Глаза Катрин были продолговатые, чуть раскосые. Змеино-зеленые. Их разрез и крутые дуги бровей странно сочетались со строгой линией прямого тонкого носа. Рот – крупный, сочный, цвета красной глины. Амбруаз Мопертюи был наслышан о красоте Катрин Корволь, но не мог представить всей силы этой неотразимой чувственной красоты. Она была необыкновенна. Влекла к себе и вызывала не столько восхищение, сколько вожделение, неистовую страсть. От нее перехватывало горло, как от глухого крика, как от гортанного пения, как от горького питья. Смерть еще не успела остудить, исказить ее. Внезапно и быстро настигшая Катрин смерть, наоборот, запечатлела на ее лице вызывающе-дерзкое, запальчивое выражение. Злорадство, полыхавшее в сердце Мопертюи, разом погасло, и его охватил гнев. Ледяной, мрачный гнев против Венсана Корволя, посмевшего лишить мир такой изумительной красоты. Он стоял на коленях, склонившись над телом Катрин, собираясь унести его с берега и закопать где-нибудь в лесу, и вдруг рухнул на него, так что голова его приникла к шее мертвой Катрин. На какое-то мгновение он сжал в объятиях тело, казавшееся еще более прекрасным, оттого что было уже во власти смерти. Он оспаривал красоту у смерти, оспаривал ее всей силой внезапно вспыхнувшей, тщетной страсти. И шум влекомых рекою стволов в это мгновение вдруг приобрел новое, мощное и ужасающее звучание, словно все грубо вырезанные на бревнах колокола заколебались, зазвонили в унисон и у всех был один язык – заключенная внутри каждого буква «К».

К – Корволь, К – Катрин, К – кровь, К – кинжал, кровь Катрин Корволь пульсировала в реке, струилась по стволам, как по жилам, последний раз билось сердце в ее груди, последний раз прижатой к груди мужчины.
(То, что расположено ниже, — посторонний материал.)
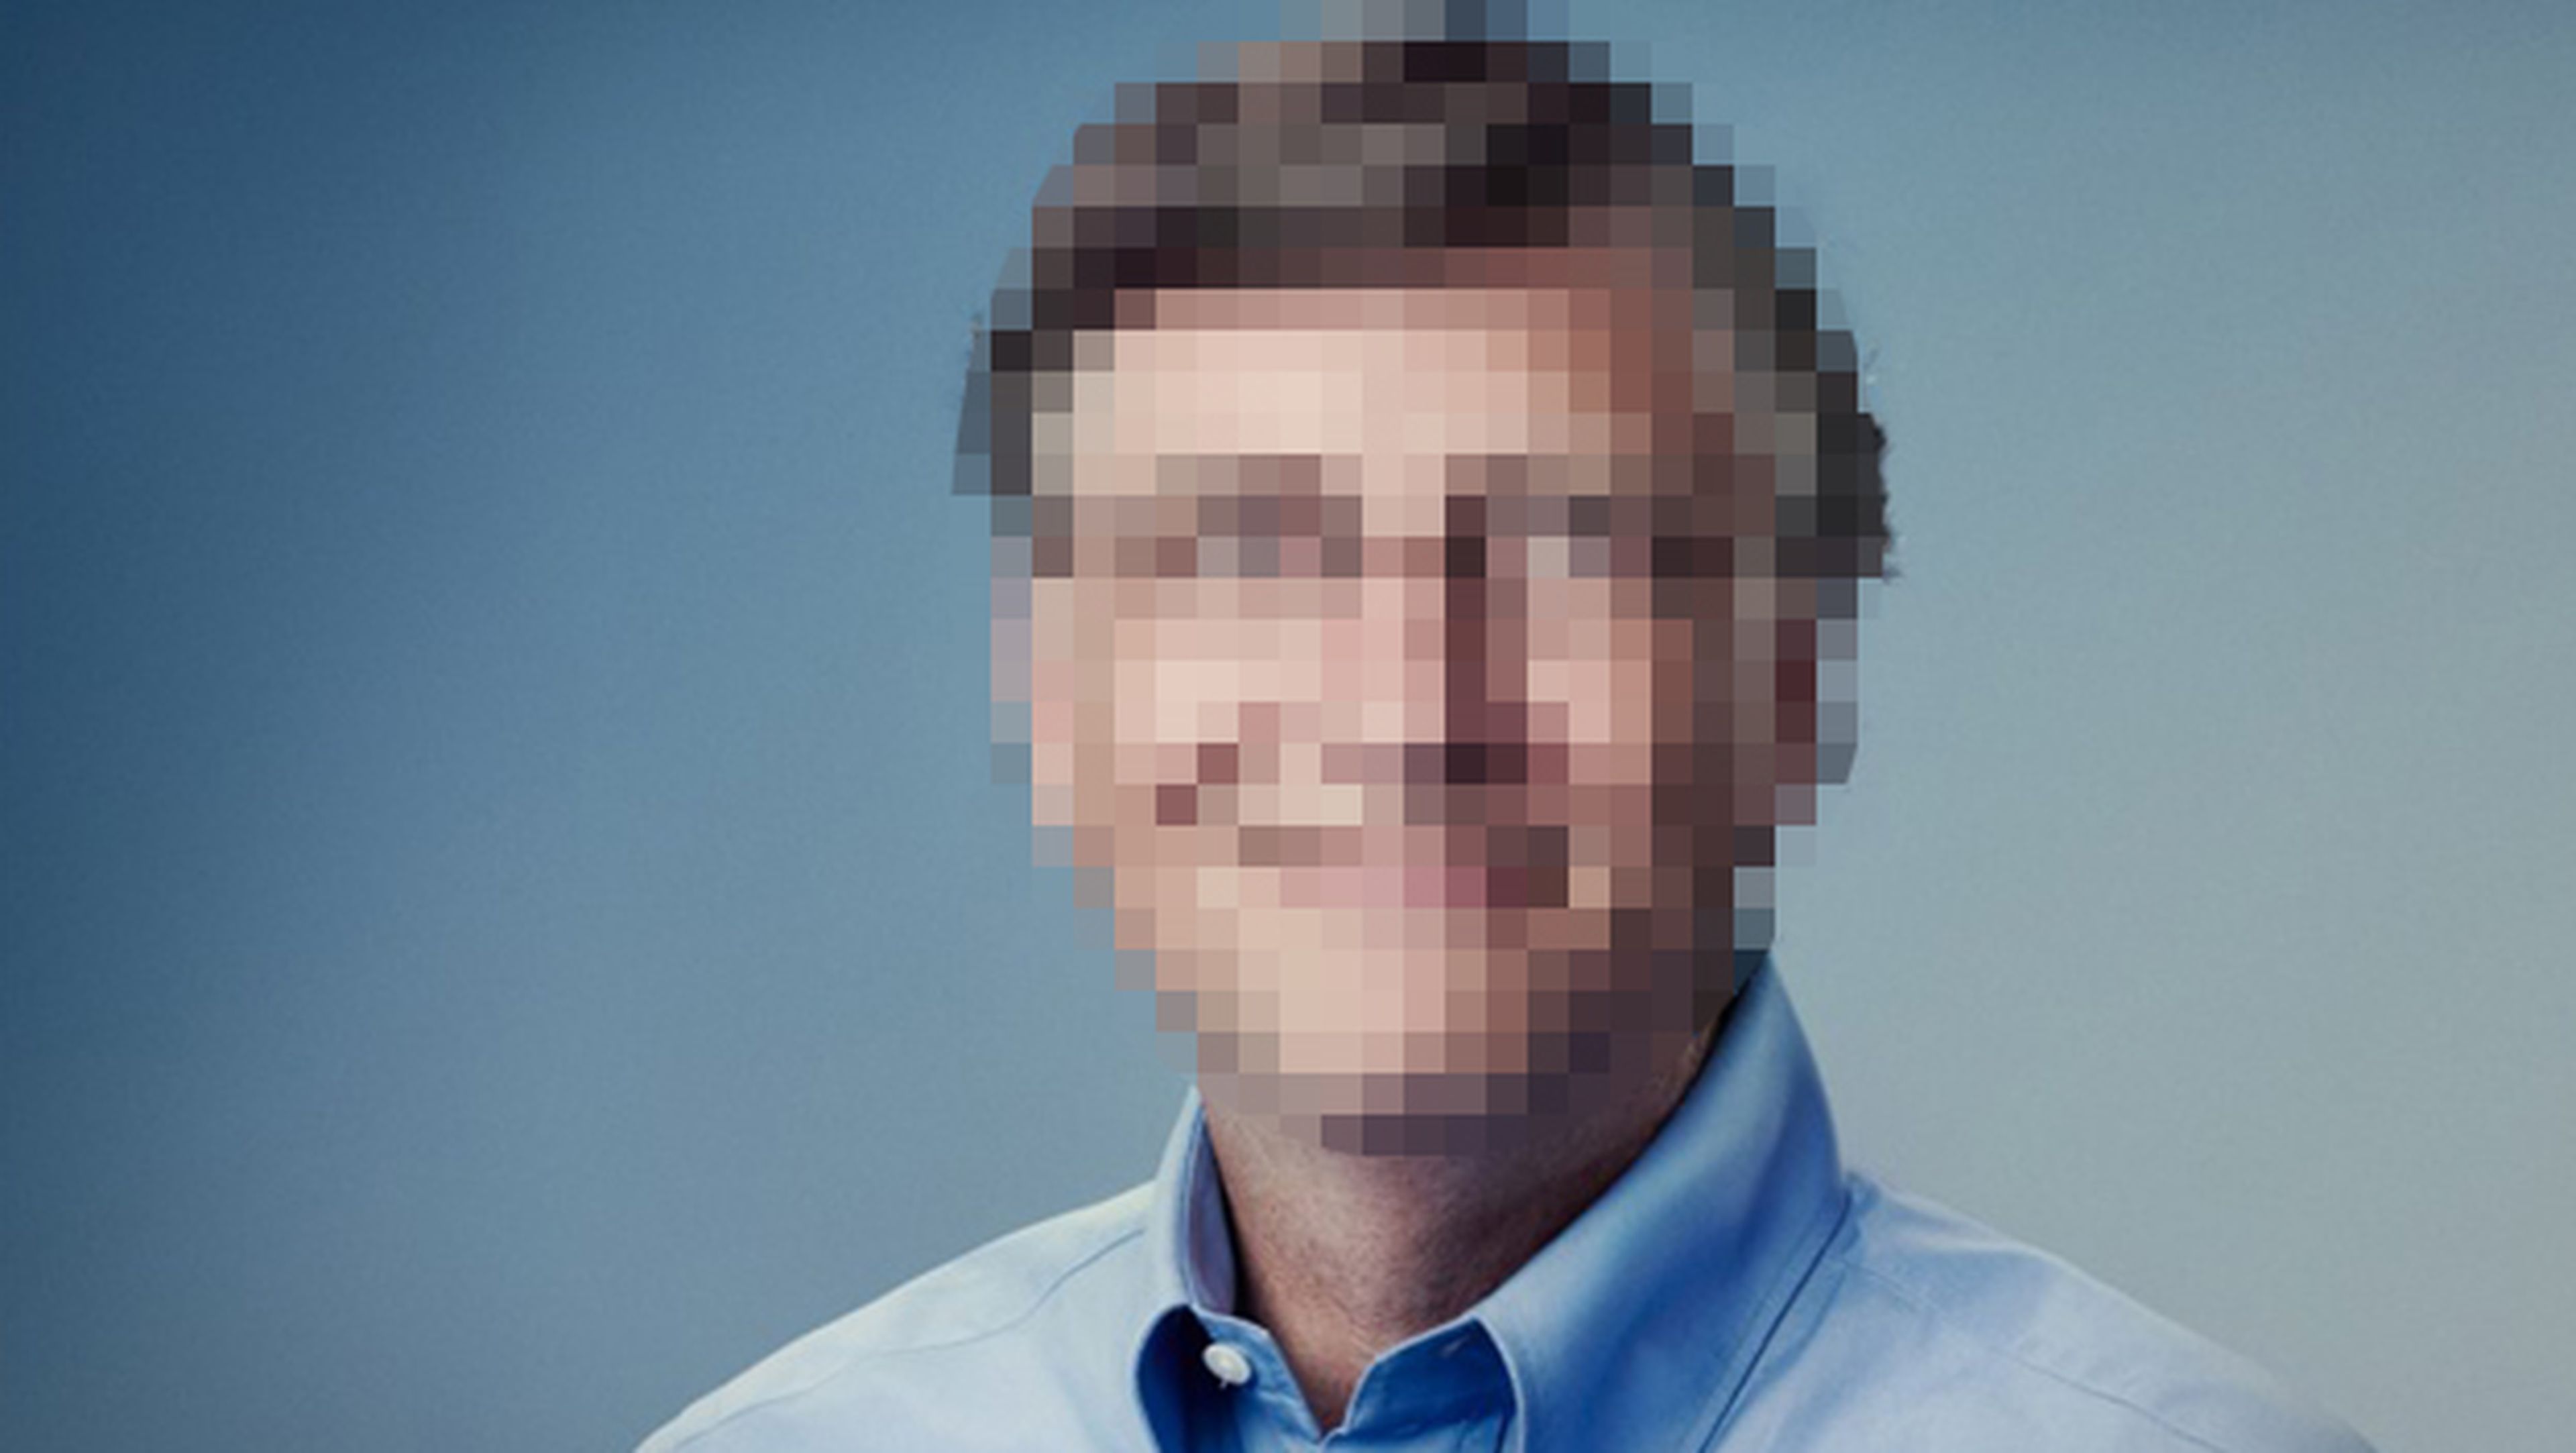 Inteligencia artificial revela rostros y números pixelados
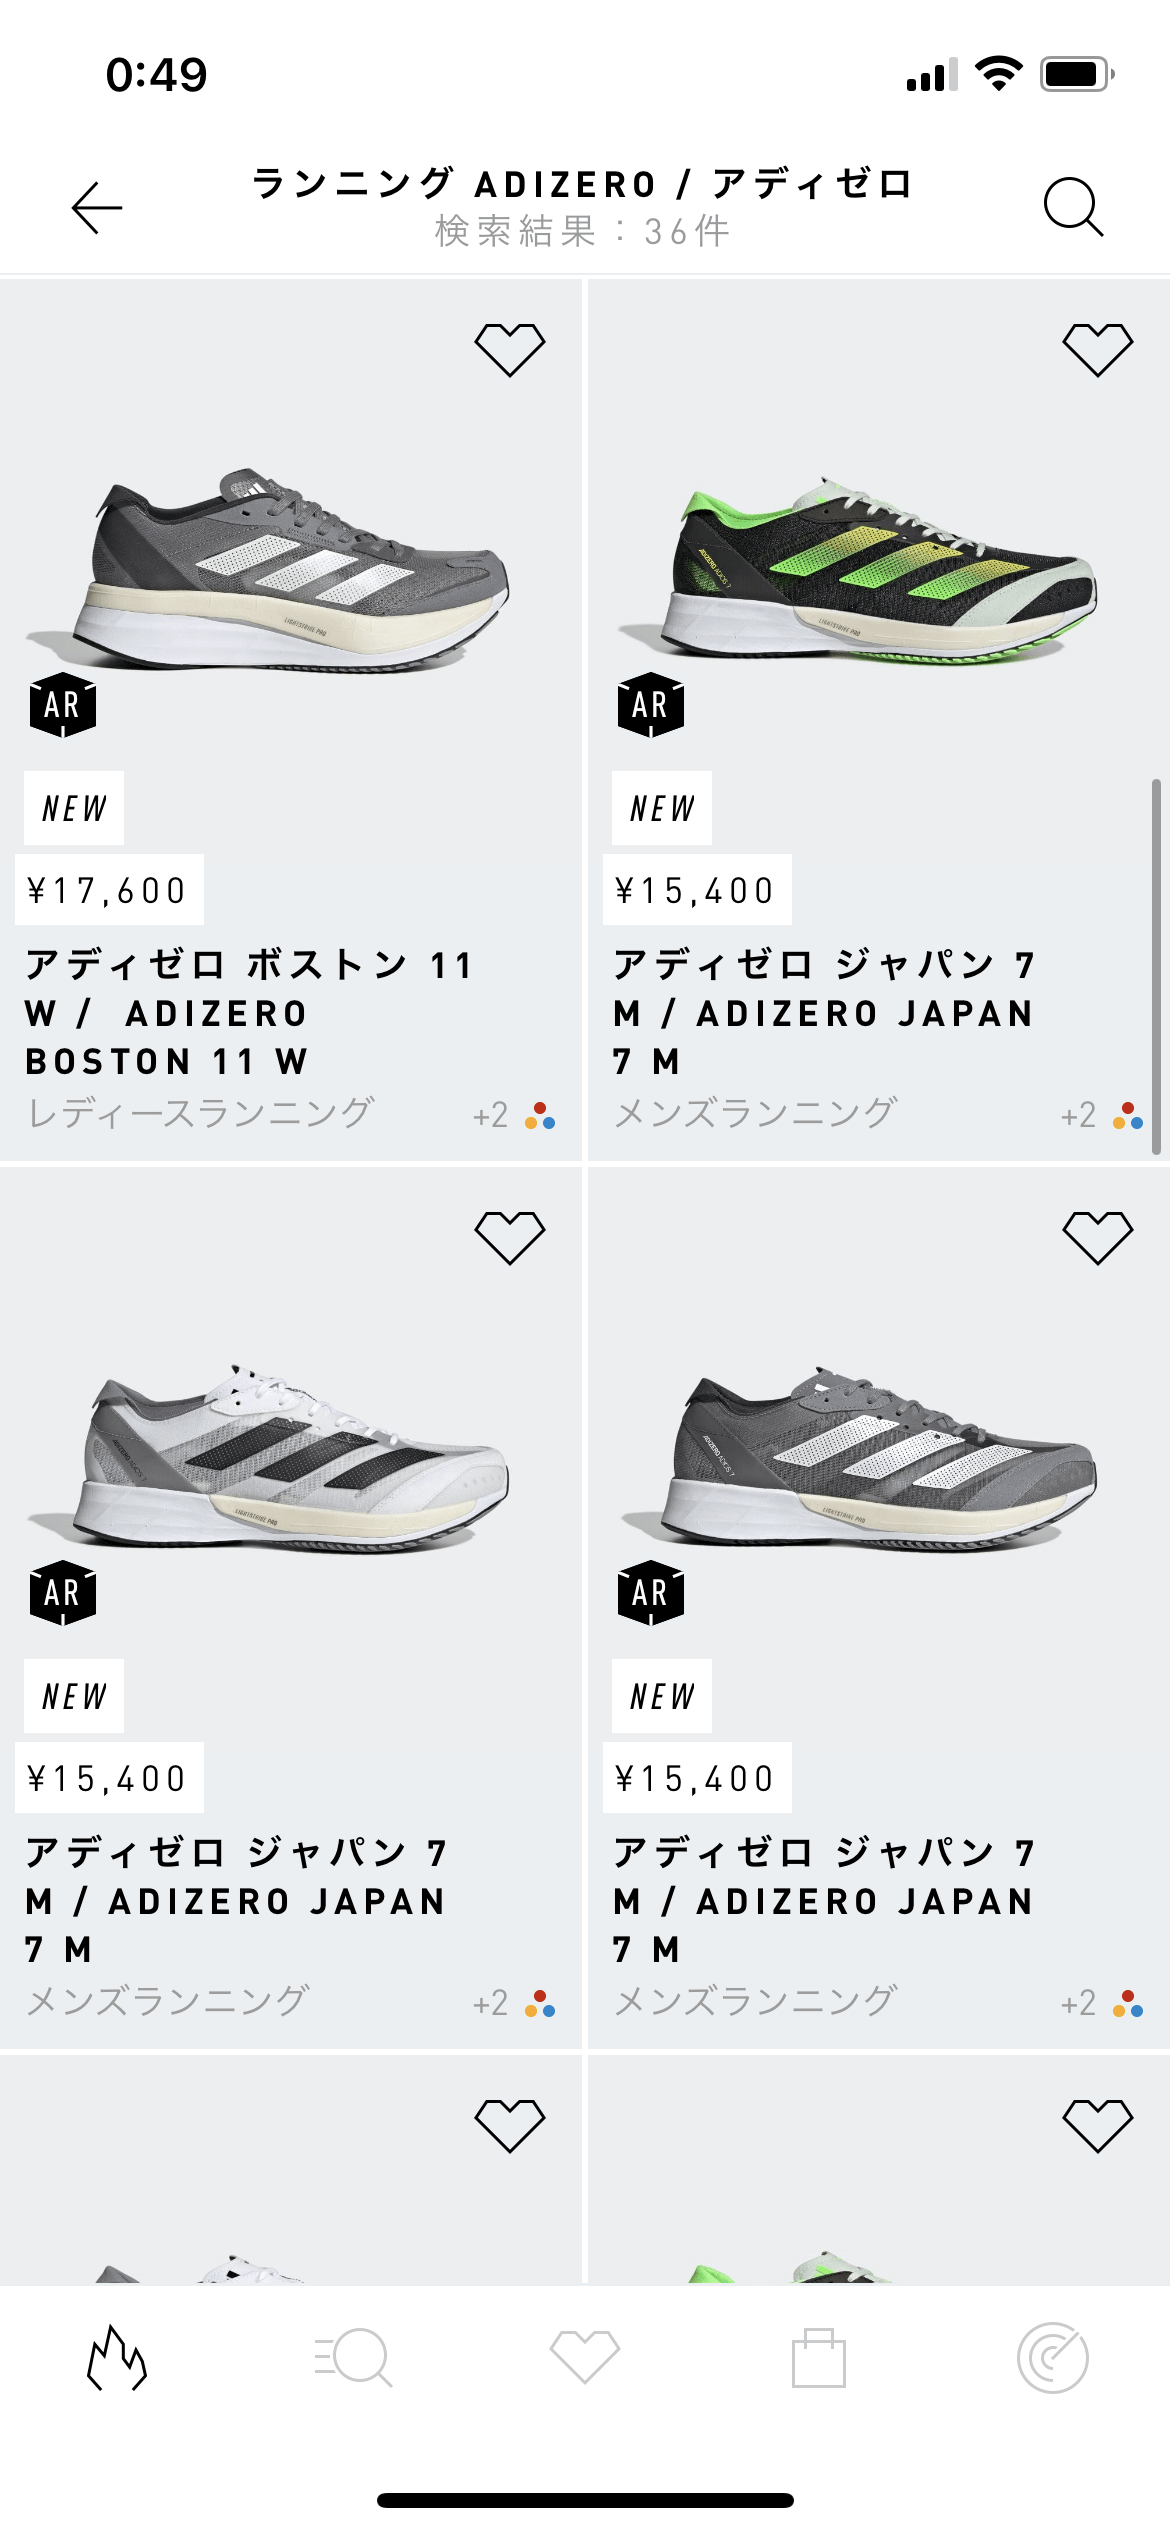 adidas 新着・新作 screen

Да, каким-то непостижимым образом Амбруаз Мопертюи ощущал всем телом удары сердца Катрин, они отдавались в его собственном сердце. В этот-то миг безумие и ворвалось в его душу. Он обезумел от невозможности овладеть этой женщиной, покорно лежавшей в его объятиях.

В ране еще блестела свежая кровь. Амбруаз лизнул ее, как зверь вылизывает кровоточащий бок. Он уже перестал отличать свое тело от тела Катрин. Смертельная рана, нанесенная ее красоте, была нанесена ему. И он вылизывал кровь, словно она сочилась из его тела, то ли живого, то ли мертвого. Кровь красоты и страсти. Кровь ярости и гнева. Он зарывался головой в ложбинку под рукой Катрин, погружал руки в ее волосы. Светлые, еще хранившие тепло и запах жизни. Сжимал ее виски, гладил веки, покусывал приоткрытые губы.

Наконец, осторожно подняв тело Катрин, он отнес его на опушку леса, заросшую кустарником и чертополохом, плоским камнем выкопал глубокую яму и положил Катрин под пласт переплетенных корней. Прежде чем засыпать могилу землей и завалить камнями, он подложил под голову Катрин выловленное из реки короткое полено, а на грудь – нож Корволя – так вкладывают в руки усопшего крест, чтобы он вошел в загробный мир как добрый христианин, или монету, чтобы душа его могла заплатить за вход. Платить надо за все – что на этом свете, что на том – Амбруаз Мопертюи не делал особой разницы. Он желал, чтобы Катрин могла обвинить своего мужа в убийстве перед высшими силами и назначить во искупление злодеяния самую высокую цену, какую сможет заплатить Корволь.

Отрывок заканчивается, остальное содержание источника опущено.